## Exercise details
Repeat the listing exactly. Pictures stay out of your copy.

## Data shown
————

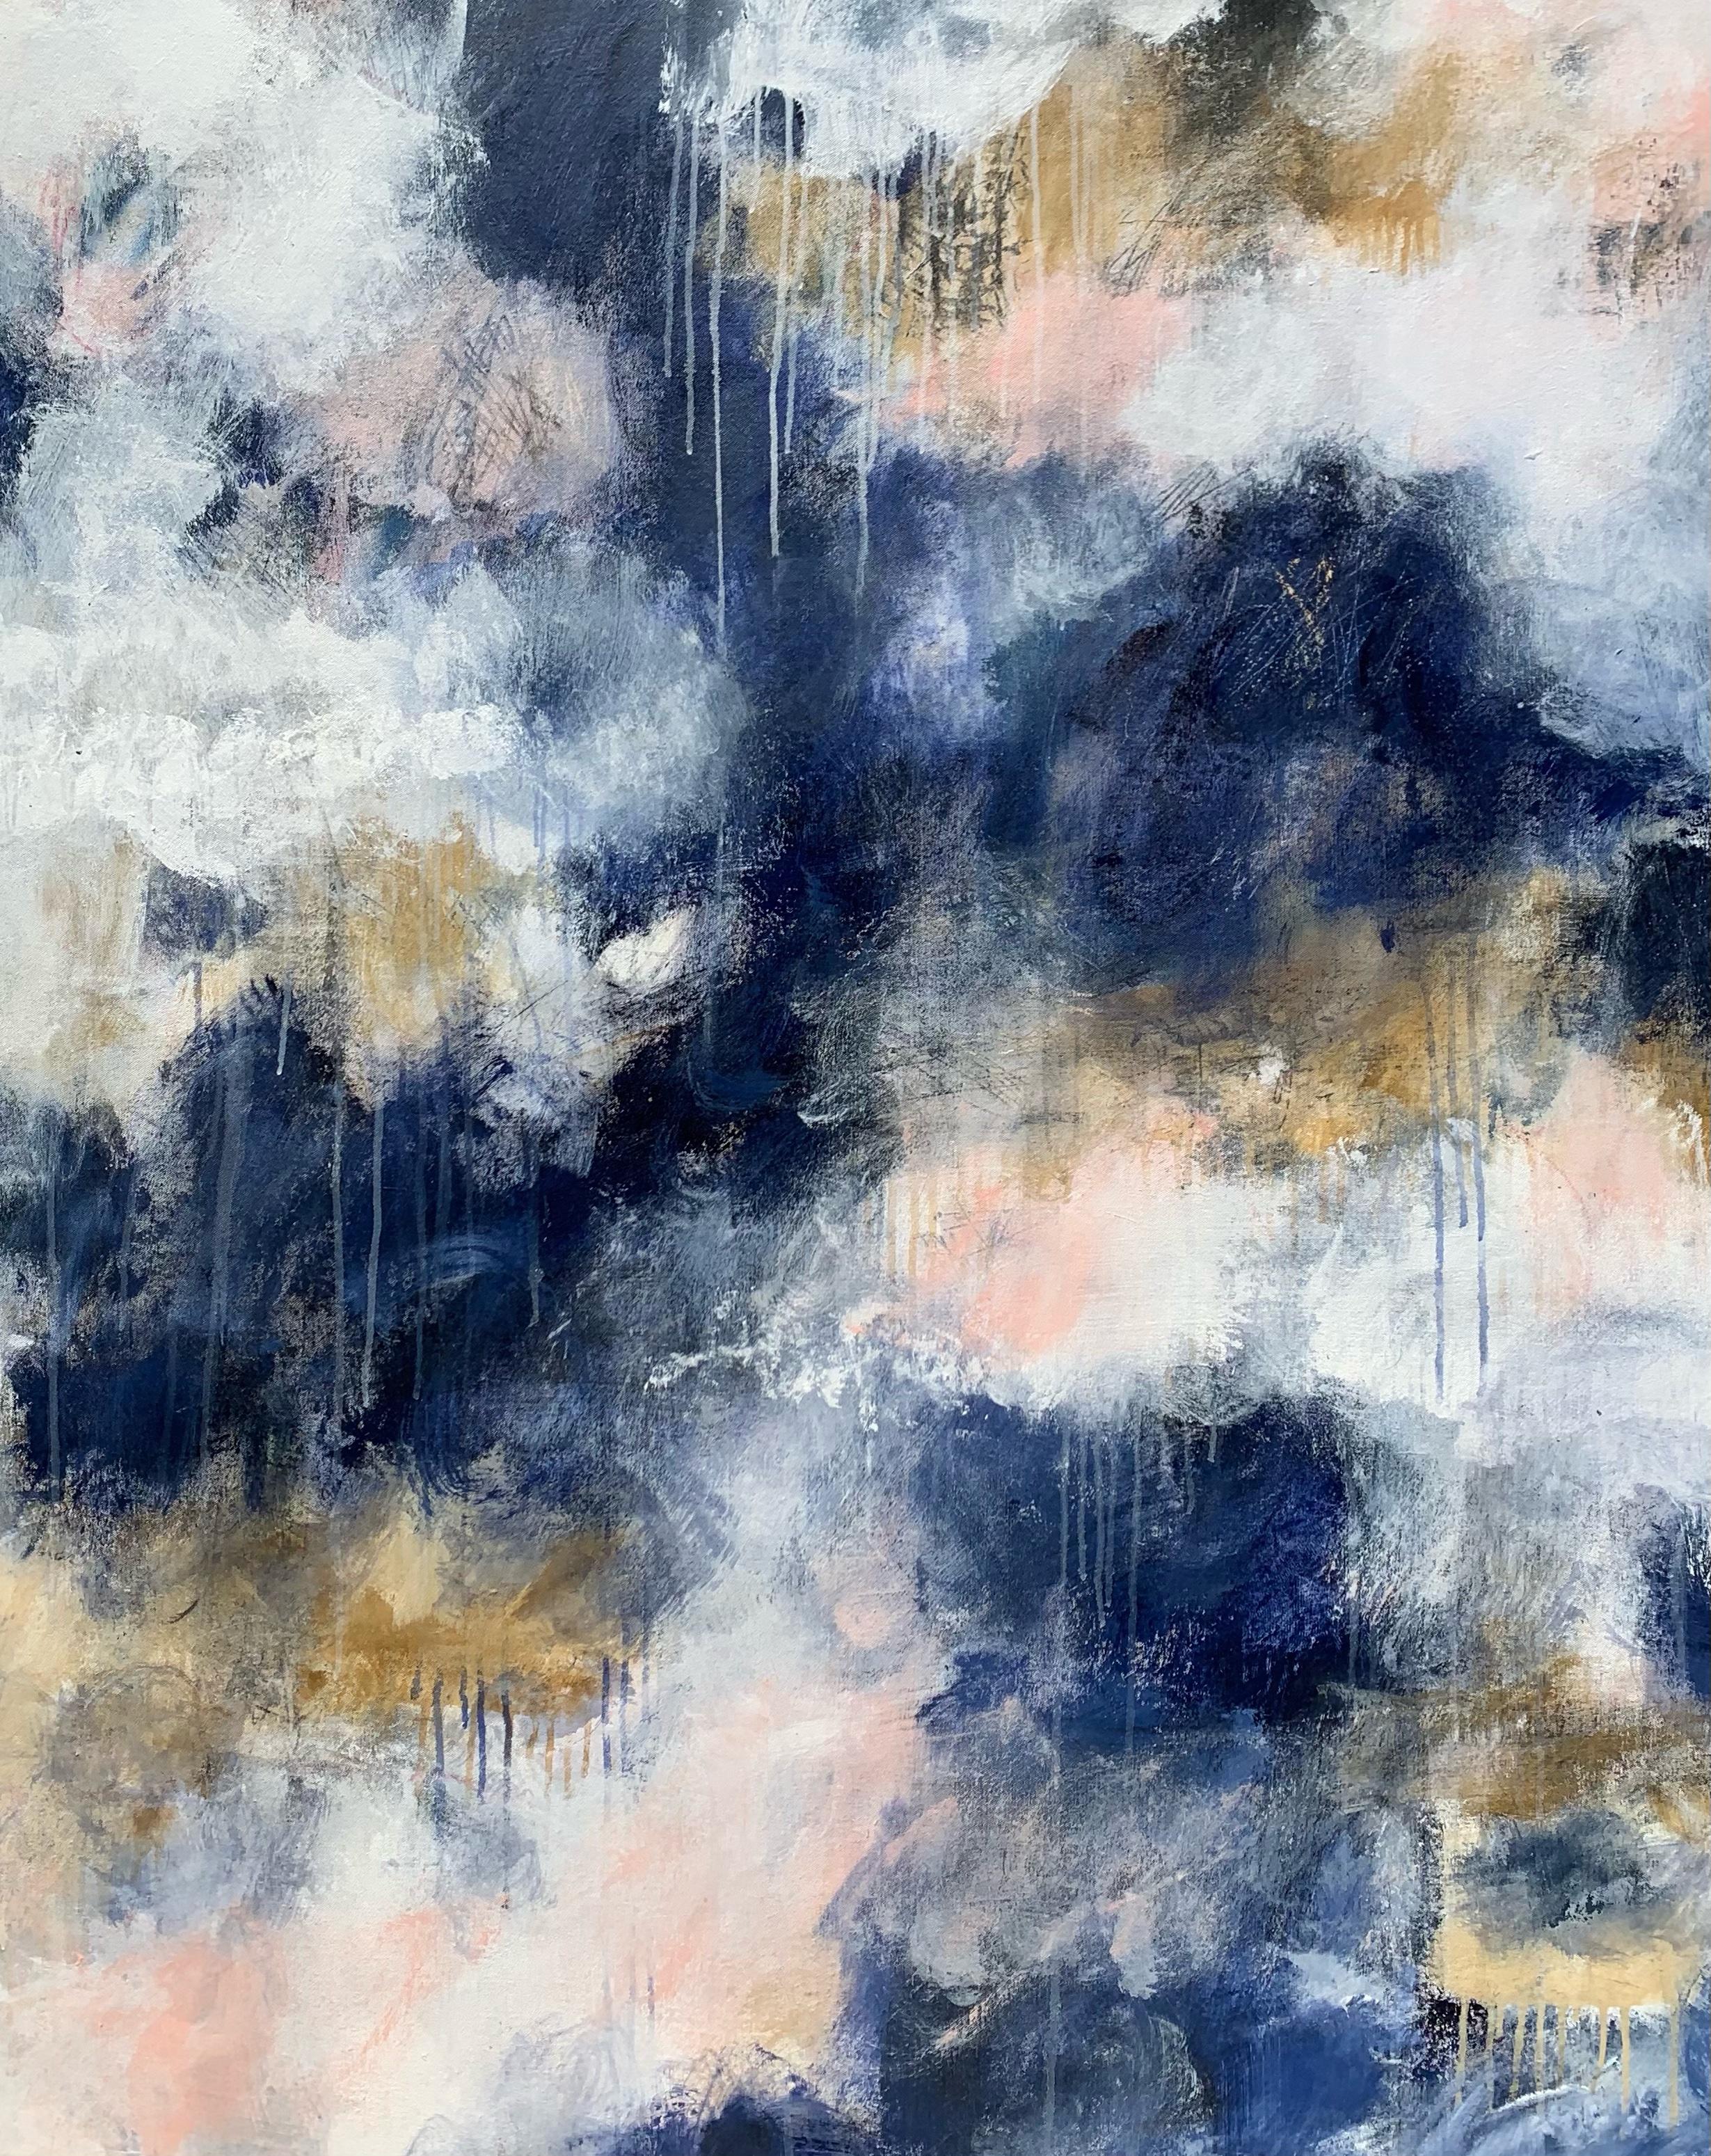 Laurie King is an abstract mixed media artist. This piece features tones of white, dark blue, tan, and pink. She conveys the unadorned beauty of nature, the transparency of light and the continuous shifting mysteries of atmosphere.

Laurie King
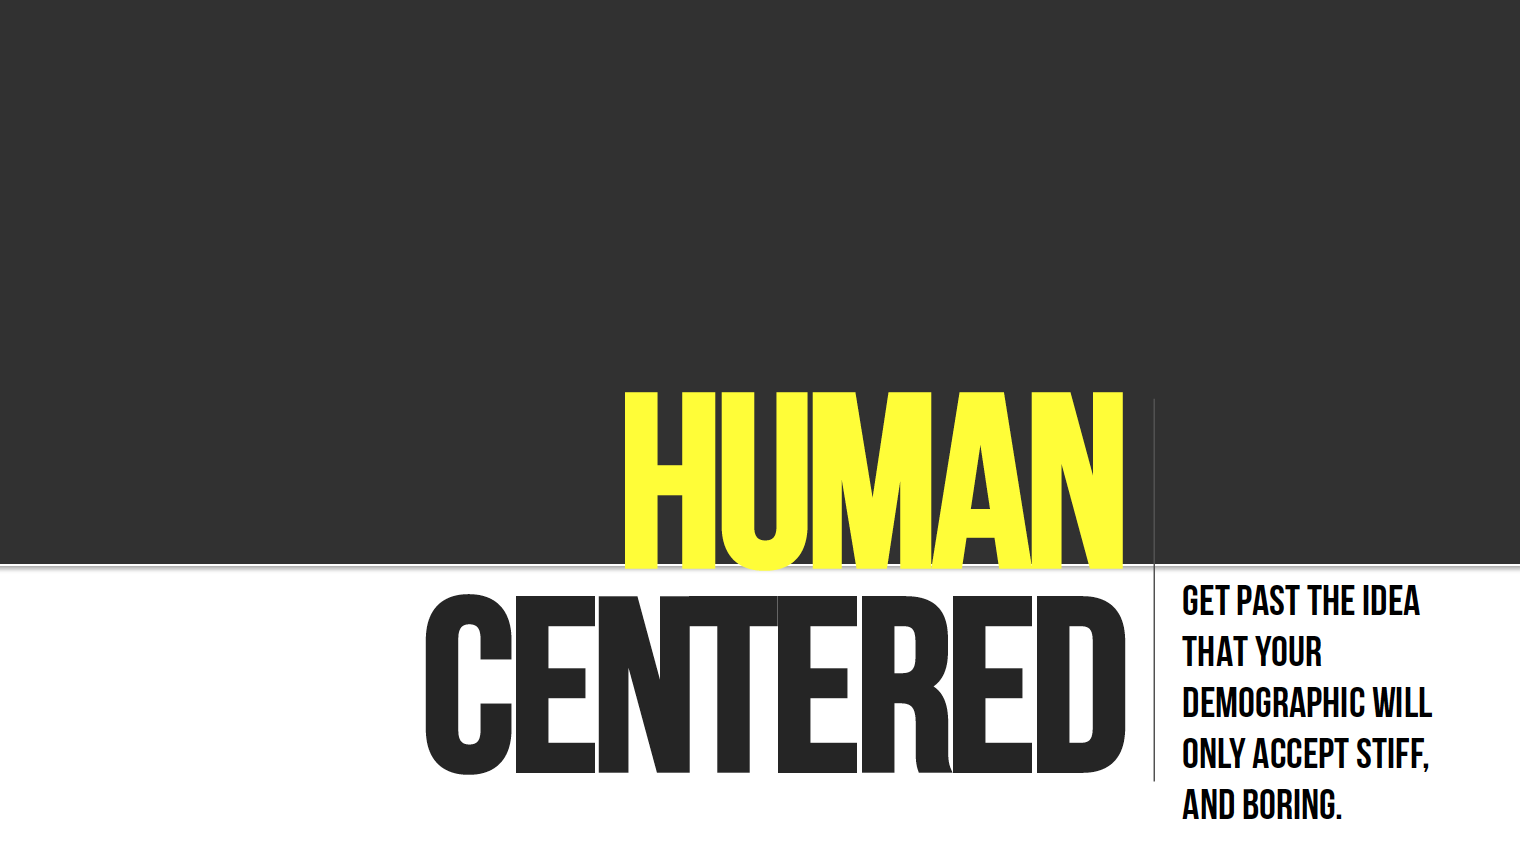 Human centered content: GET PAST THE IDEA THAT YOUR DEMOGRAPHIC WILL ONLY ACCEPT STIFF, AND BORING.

————

## Exercise result
 Laurie King is an abstract mixed media artist. This piece features tones of white, dark blue, tan, and pink. She conveys the unadorned beauty of nature, the transparency of light and the continuous shifting mysteries of atmosphere.

Laurie King
 Human centered content: GET PAST THE IDEA THAT YOUR DEMOGRAPHIC WILL ONLY ACCEPT STIFF, AND BORING.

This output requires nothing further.